As a preferred embodiment, as shown in FIG. 2 , the telescopic mechanism 3 includes a drive shaft 31 , a rotary drive mechanism 32 , two gears 33 and two racks 34 , and the two racks 34 extend across the The directions of both sides of the vehicle body 1 are horizontally arranged on the corresponding sides of the inner bottom wall of the vehicle body 1 , and are arranged at intervals along the extending directions of both ends of the vehicle body 1 . It slides in its own length direction, and one end of both is connected and fixed with the corresponding active push plate 21. The drive shaft 31 is horizontally arranged along the extending direction of both ends of the vehicle body 1, and is rotatably assembled by a bracket. Inside the vehicle body 1 and above the ends of the two racks 34 away from the active push plate 21 , the two gears 33 are coaxially assembled on the drive shaft 31 and correspond to the two racks one-to-one. The tooth surfaces on the upper part of 34 are meshed with each other, and the above-mentioned rotary drive mechanism 32 is assembled in the above-mentioned vehicle body 1 and is connected with one end of the corresponding above-mentioned drive shaft 31 in a driving manner. The above-mentioned rotary drive mechanism 32 is used to drive the corresponding above-mentioned drive shaft 31 to drive two The gear 33 rotates, thereby driving the rack 34 meshing with the gear 33 to move linearly, thereby driving the corresponding sprocket climbing running mechanism 2 to horizontally extend or retract toward the outside of the corresponding side of the vehicle body 1 .

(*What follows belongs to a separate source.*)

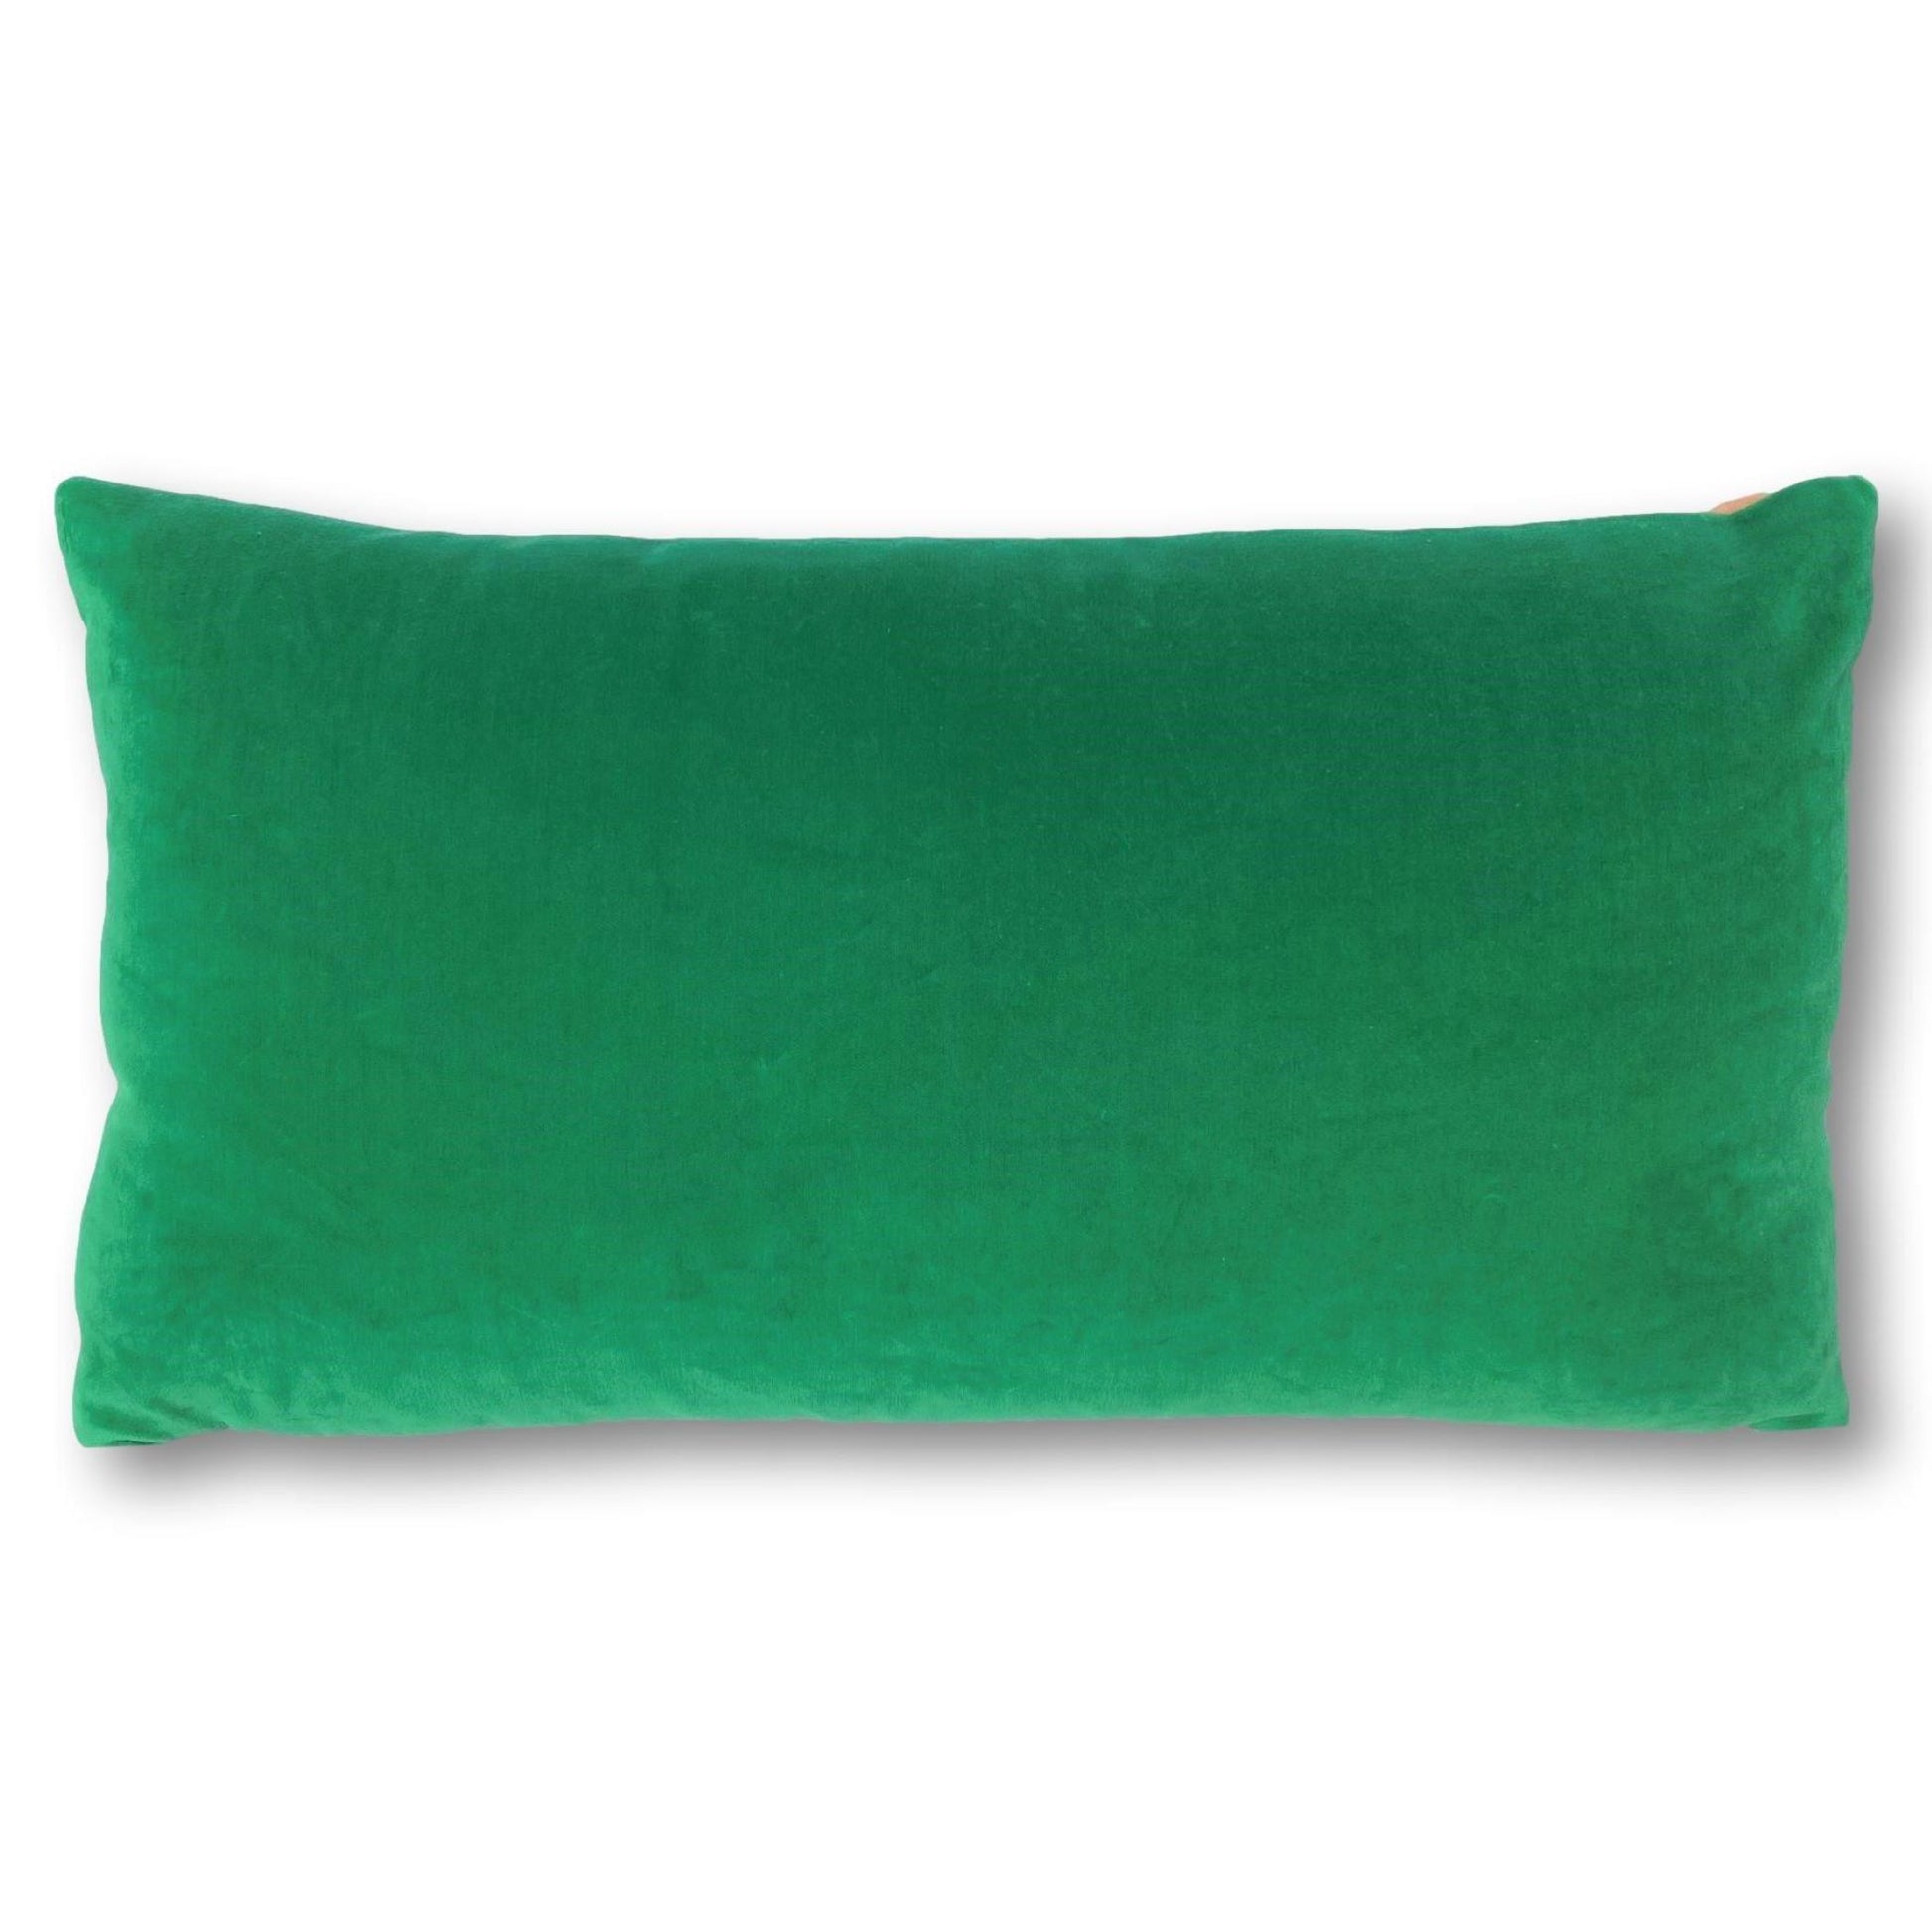 duck egg green cushions luxe 39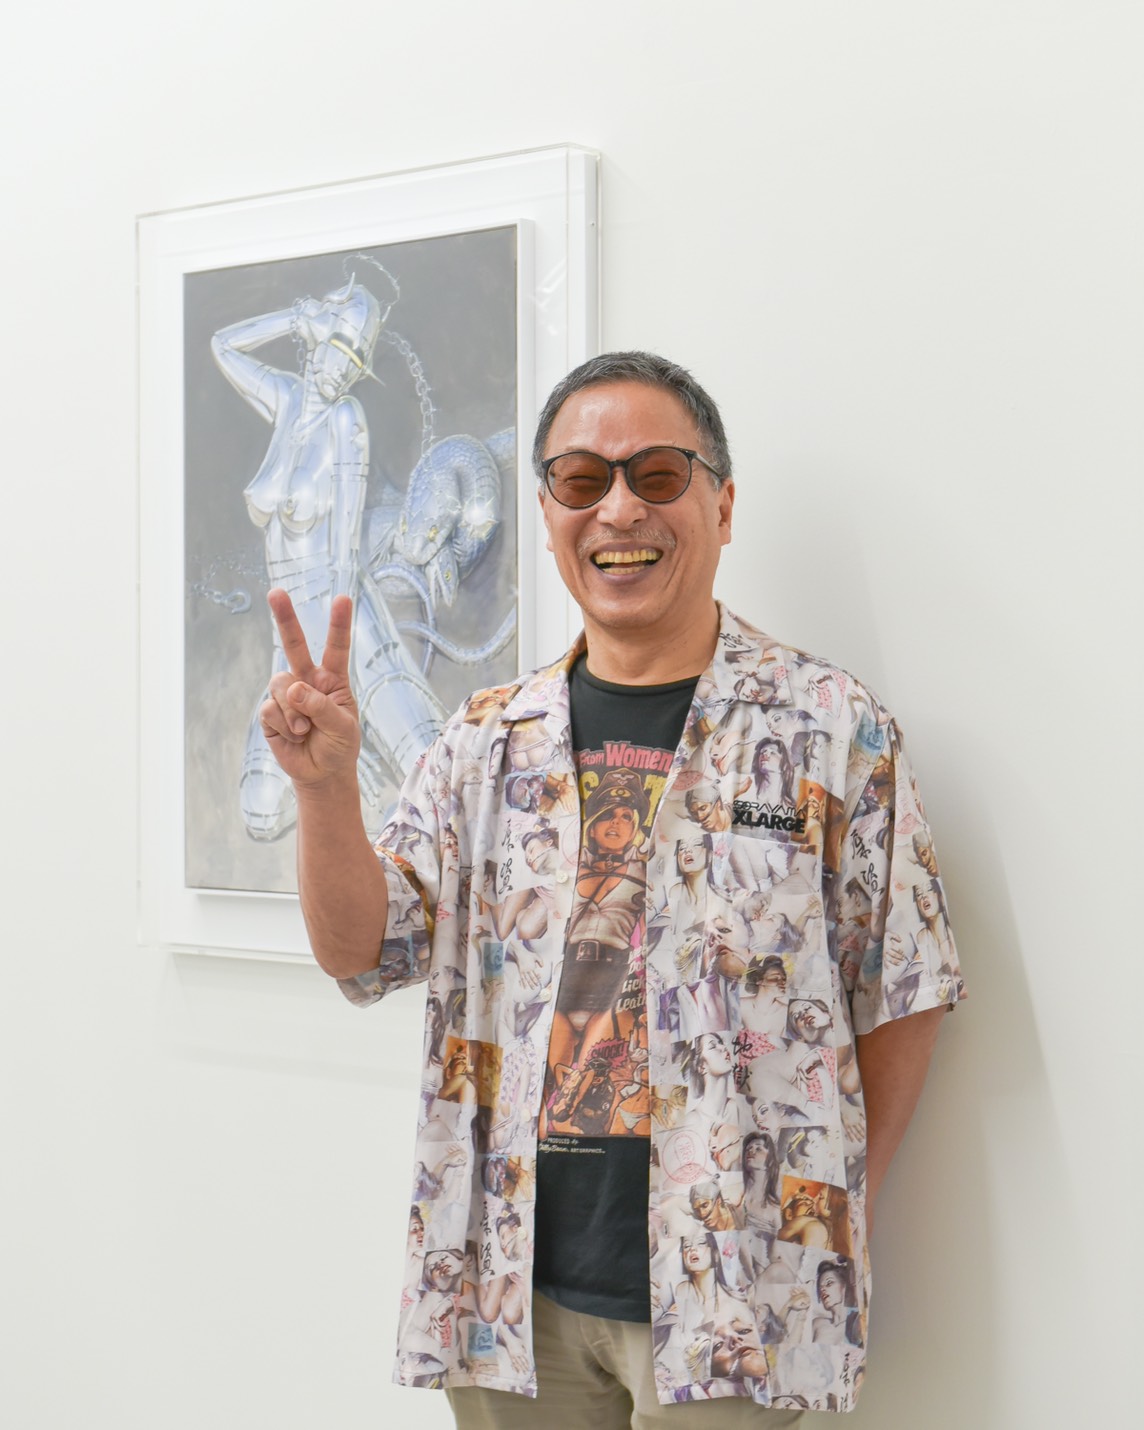 Hajime Sorayama "SEX MATTER" Collection by XLARGE

In this embodiment, the rack 34 should be assembled in the corresponding track, or cooperate with the corresponding guide structure. There are guide grooves on both sides in the length direction of the 34, and the limit blocks extend into the corresponding guide grooves and are relatively slidably matched. Smooth sliding, during the operation of the entire telescopic mechanism 3, the drive shaft 31 is driven to rotate by rotating the driving drum 32, thereby driving the gear 33 to rotate, and then driving the rack 34 meshing with the gear 33 to move along the bottom wall of the vehicle body 1 toward its corresponding side Make horizontal telescopic movement to realize the purpose of driving the corresponding sprocket climbing running mechanism 2 to expand and contract to engage or release the meshing with the corresponding chain on the shelf. Steady climb of the car.

Specifically, the above-mentioned rotary drive mechanism 32 is a worm gear reducer, and a reducer with a large worm gear and worm gear ratio can realize mechanical self-locking, so as to ensure that the automatic guided transport vehicle does not cause a machine fall accident caused by an electrical failure when climbing the shelf.

As a preferred embodiment, the above-mentioned driving running assembly includes two driving running mechanisms 4 , and the two above-mentioned driving running mechanisms 4 are assembled on both sides of the interior of the above-mentioned vehicle body 1 at intervals, and both of them have extending to the above-mentioned vehicle body 1 . Drive wheel 42 below.

In this embodiment, two driving running mechanisms 4 are provided to realize smooth running and steering of the entire guided vehicle.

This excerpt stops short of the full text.